THE NEED FOR LEADERSHIP TRAINING

May 21st, 2016

Over the past couple of decades leadership training has ballooned into a multi-billion dollar industry.

A Google search for “leadership training courses” elicits 373 million results. Here in Los Angeles UCLA offers a whole range of leadership courses, and the online blurb informs us that “in today’s economy there’s a high demand for leadership and management skills, and our leadership and management courses give you a competitive edge . . . instructors are world-class experts in their fields.”

Hundreds if not thousands of colleges and universities across the globe offer similar courses for the same reasons.

And yet, despite the incredible growth of this academic field, the debate as to whether leaders are born with leadership qualities embedded into their personalities, or whether you can be trained to be a great leader even if you are not born with those skills, continues to rage.

A study in 2013, led by management expert and retired colonel Professor Sean Hannah of Wake Forest University in North Carolina, mapped the brains of 103 military officers and concluded that good leaders are the ones who are born with leadership qualities.

In other words, if you were ever looking to find the next great leader, like a Winston Churchill or an Abraham Lincoln, what you would need to do is conduct a series of brain tests on the candidates, and the resultant data will give you the information you would need to pick a winner.

Another unrelated study, also from 2013, and conducted jointly by teams in London, New York and California, concluded that leadership skills are genetic, passed down from generation to generation in a genotype called ‘rs4950’.

Which begs the question – what is the point of taking a leadership course if you were neither born with the right brain nor the right genetic code?

A more recent study, the results of which emerged last month, addresses this question from a slightly different angle by focusing on the distinction between good managers and good leaders.

This study, which was conducted by a ‘leadership consulting’ company called Development Dimensions International, took nine-years to compile, and looked at 15,000 ‘leaders’ across 300 companies in 18 different countries.

One can only imagine what the study cost them to put together, but – astronomical costs aside – the results confirmed what any half intelligent person suspected all along: there is no relationship between an MBA degree and quality leadership.

Evan Sinar, DDI’s Chief Scientist, put it very simply in his summary of the findings: “MBA degrees did indeed make better managers; unfortunately the same could not be said for their impact on stronger leadership.”

This week’s Torah portion describes the appointment of Moses’ brother Aaron to a distinguished leadership position as the first High Priest to preside over the religious rituals of the Temple.

His appointment set the scene for all future High Priestly appointments, with the Torah informing us that a High Priest could only be chosen if he was tangibly greater than his colleagues (Lev. 21:10): וְהַכֹּהֵן הַגָדוֹל מֵאֶחָיו אֲשֶר יוּצַק עַל רֹאשׁוֹ שֶמֶן הַמִשְחָה – “and the priest who is greater than his brethren, upon whose head the anointing oil is poured . . .”

The Talmud comments that the inclusion of “greater than his brethren” in the suitability description specifies that the candidate for the position of High Priest would need to be superior in strength, more handsome, more intelligent, and even of greater material means than his brethren.

The Midrash cites Aaron’s superhuman strength as proof that he was more than qualified for the job. In describing his first day on the job at the beginning of the Book of Numbers, the Torah tells us that Aaron was required to raise each of the twenty-two thousand Levites above his head in the course of just one day, as part of the consecration process.

The medieval commentator Chizkuni, clearly astonished by this incredible feat of strength, suggests that Aaron’s ability to do this was only made possible by means of Divine assistance. That being the case, why would the Midrash cite this as proof that Aaron was stronger than his brethren? Perhaps had they been offered the same Divine assistance they would have been able to do it too?

The Jerusalem Talmud offers us a fascinating insight that not only answers this question, but at the same time can help us understand why leadership training is important, even for born leaders.

Whenever someone is elevated to a new leadership position, says the Talmud, the appointment itself instills talents and abilities that he may not have previously possessed.
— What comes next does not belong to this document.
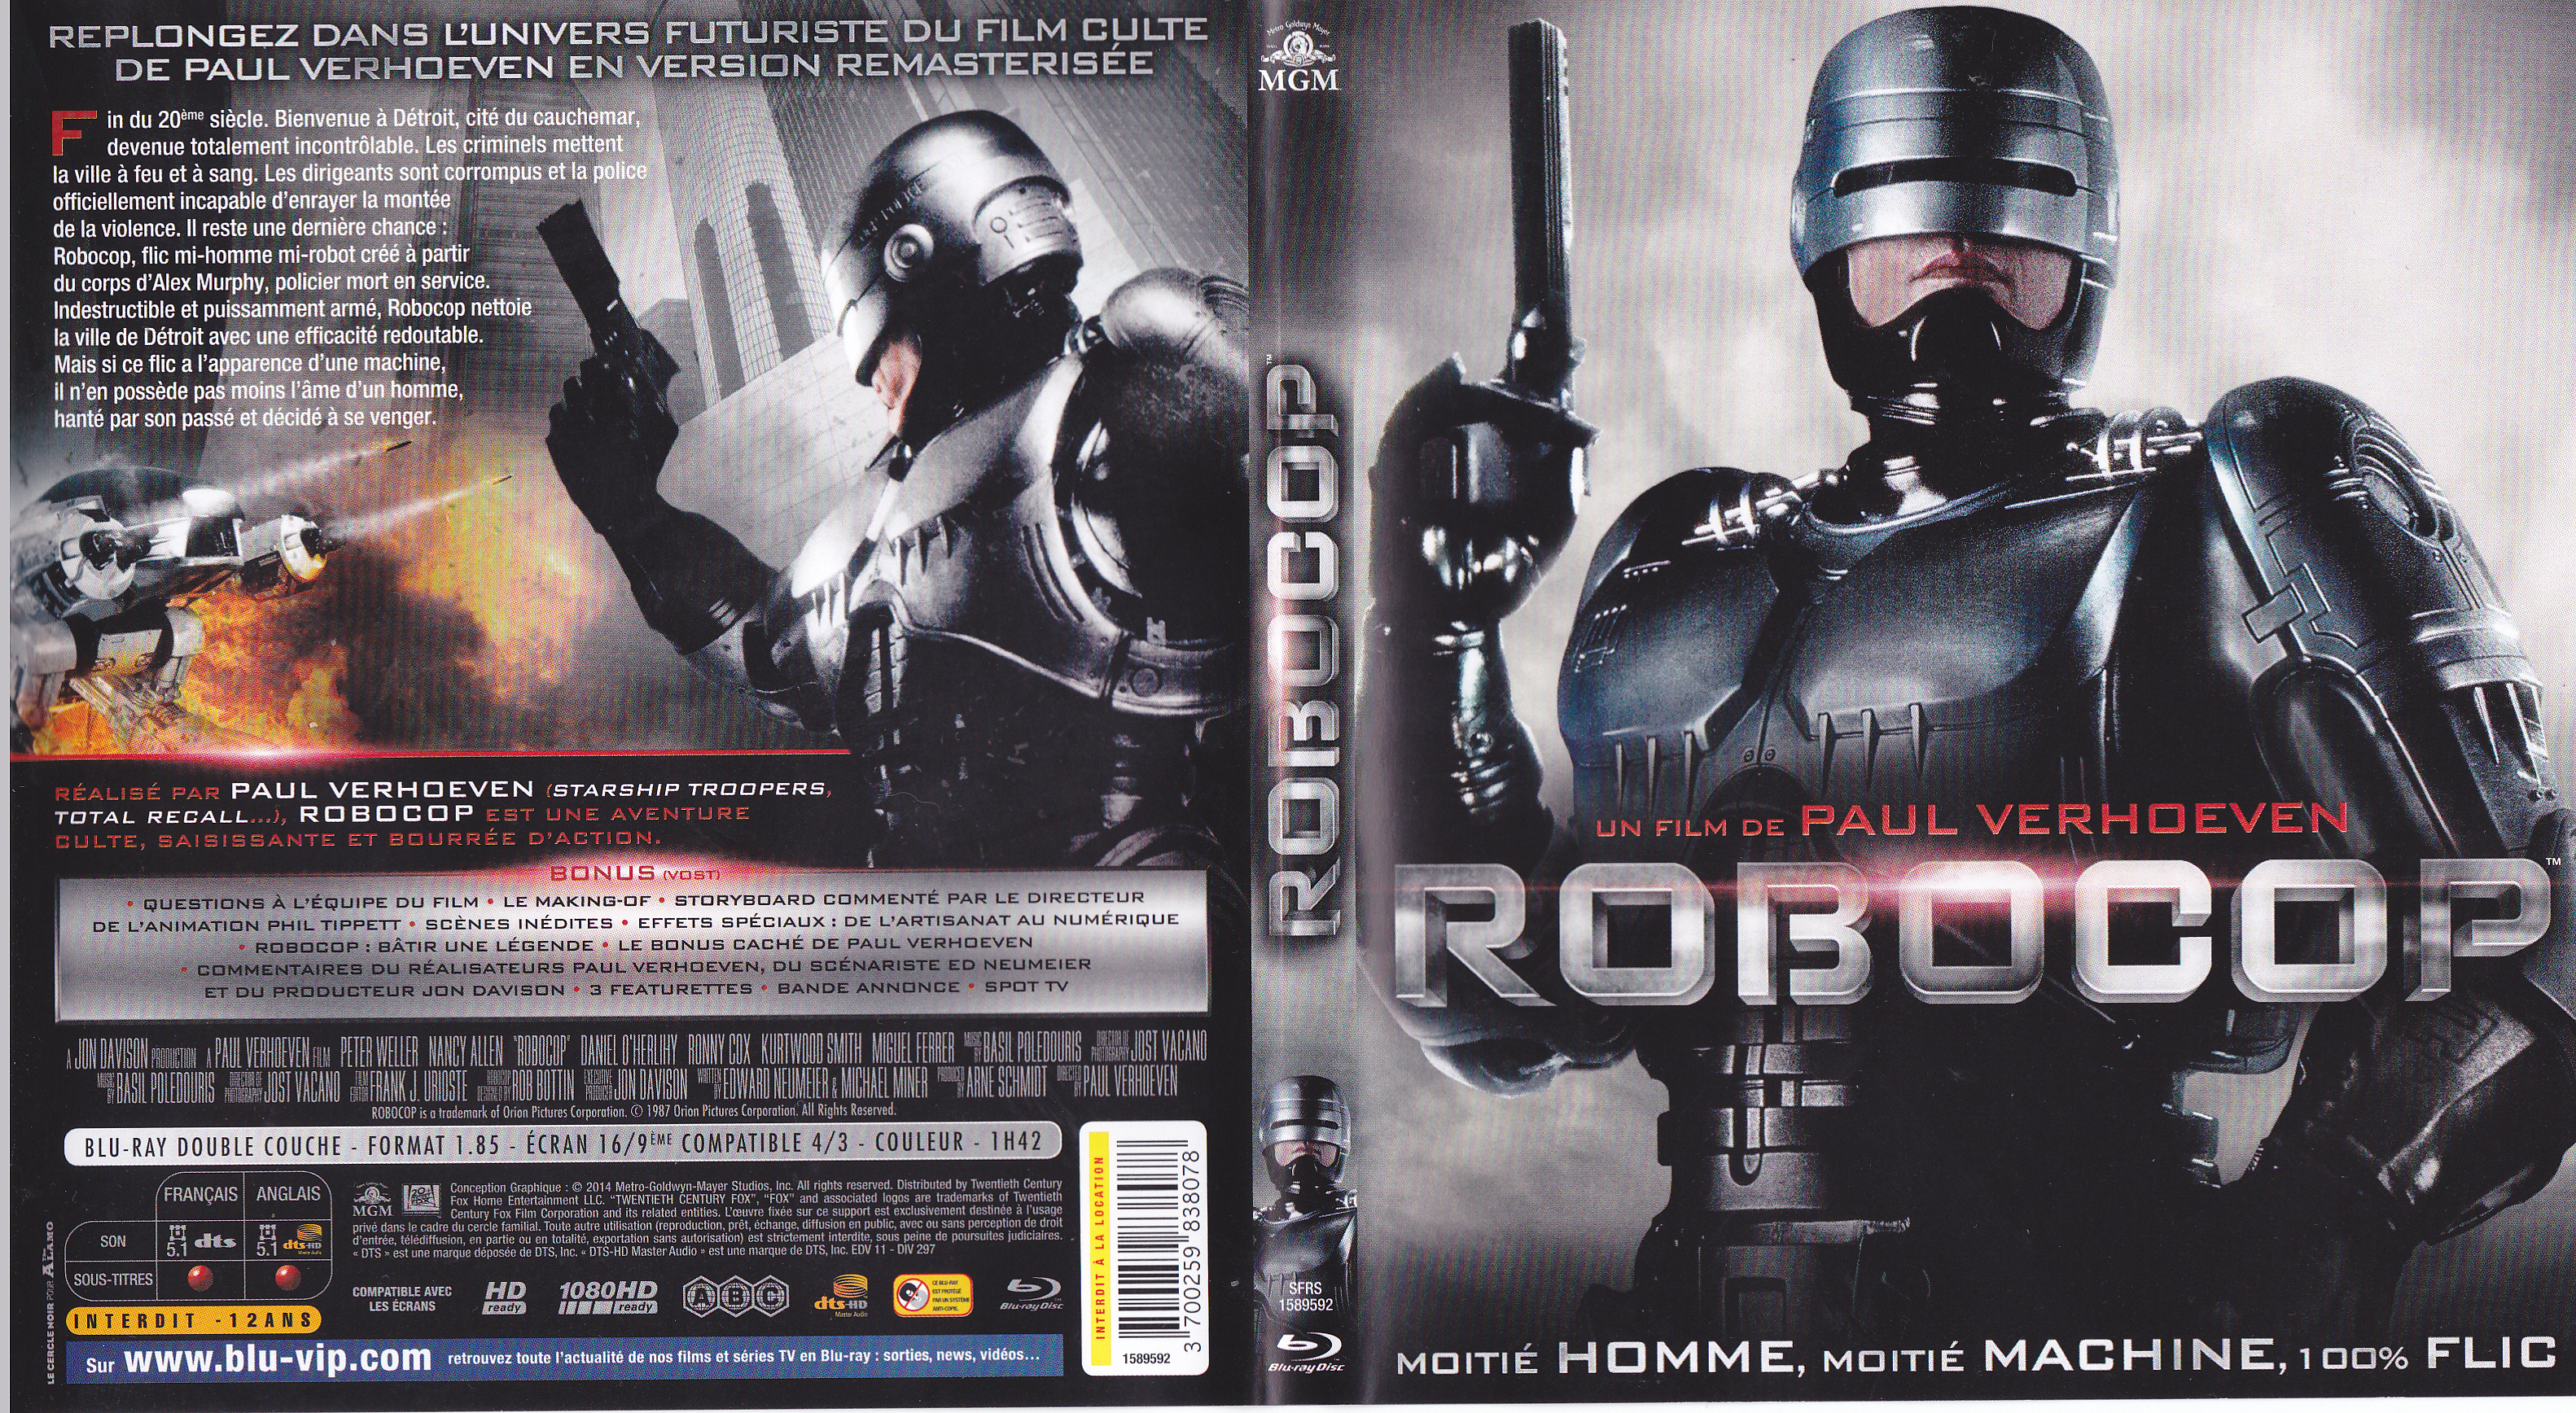 Jaquette DVD Robocop (BLU-RAY) v4

So much so, that he will now be considered a new person by God, and granted forgiveness for previous transgressions.

This kind of change can only come about through Divine intervention, and God will enhance his innate qualities so that suddenly he is greater than the sum of his parts.

In order to be appointed to the position of High Priest one was required to possess great strength – the type of strength that was visibly superior to all the other priests of his generation. Then, once appointed, that strength would increase as a result of Divine intervention.
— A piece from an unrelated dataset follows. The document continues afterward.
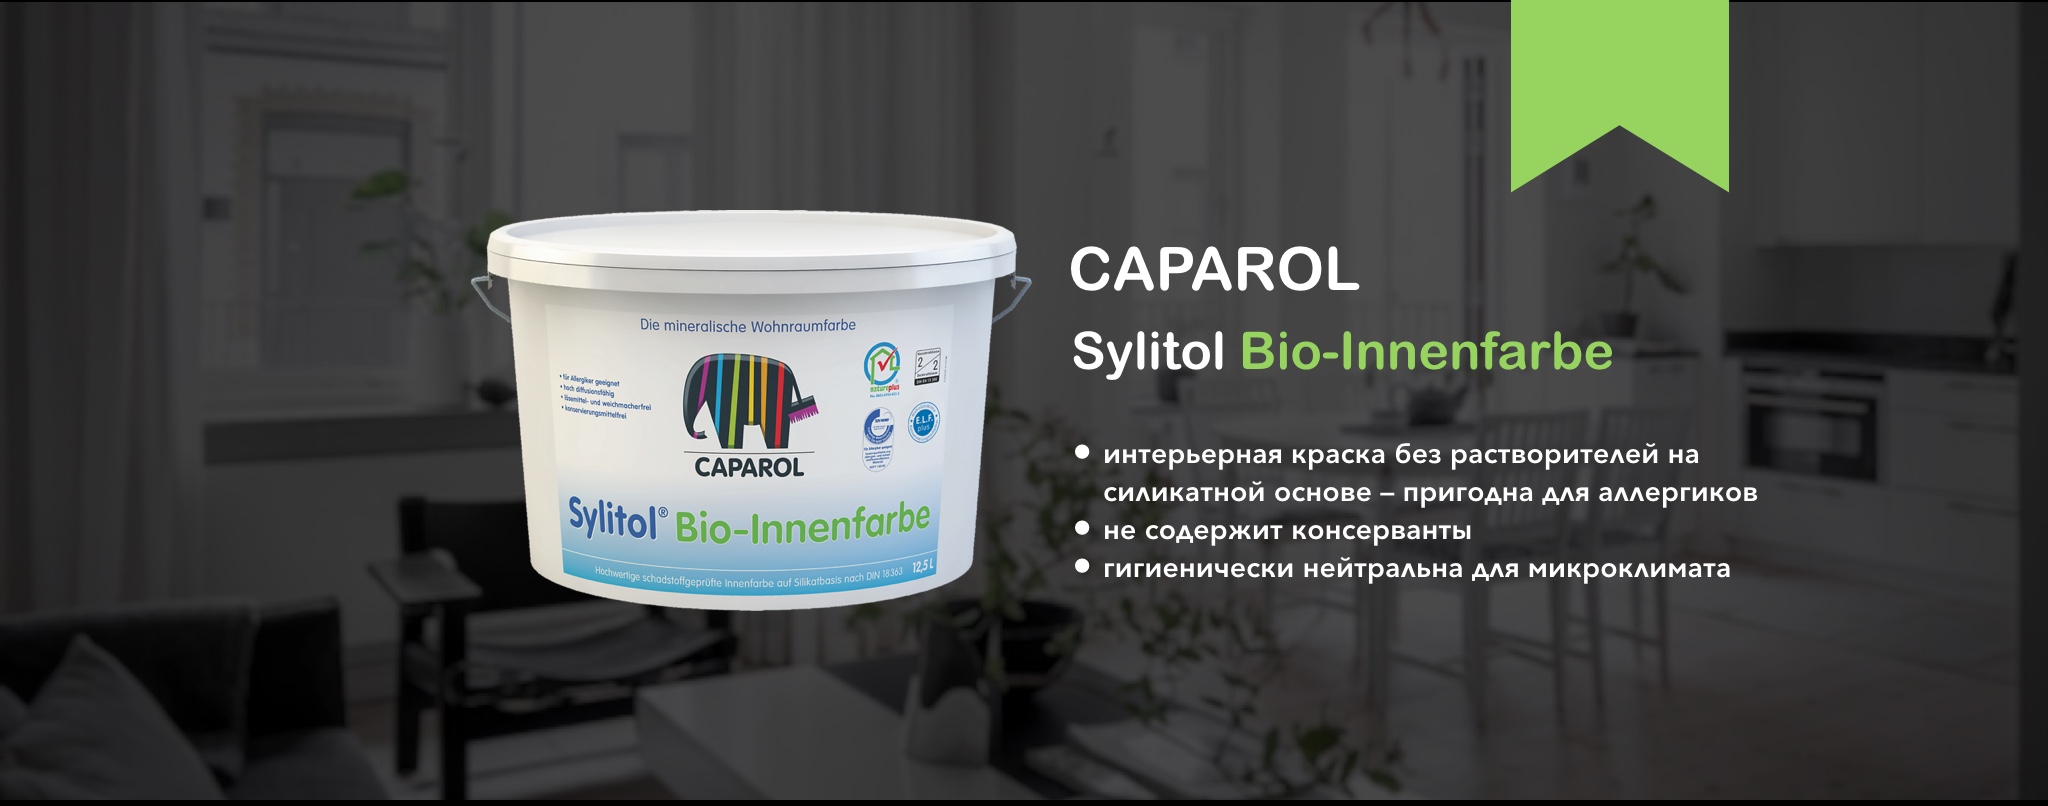 Силикатная краска Caparol Sylitol Bio-Innenfarbe

In Aaron’s case this resulted in a feat of superhuman strength that defies explanation, although there is no question that in order to be appointed he was already stronger than any other priest.

Studies that prove that leaders are born and not made do not negate the need for leadership training, although it would seem that if you are not a born leader, enrolling yourself on a leadership course would probably be a waste of time and money.

Leaders are born, but all born leaders are diamonds in the rough, needing improvement and enhancement so that when they eventually get to a leadership position their natural abilities will have been amplified for the benefit of the people they will lead. Hopefully, at that stage, Divine intervention will take that leader to the next level.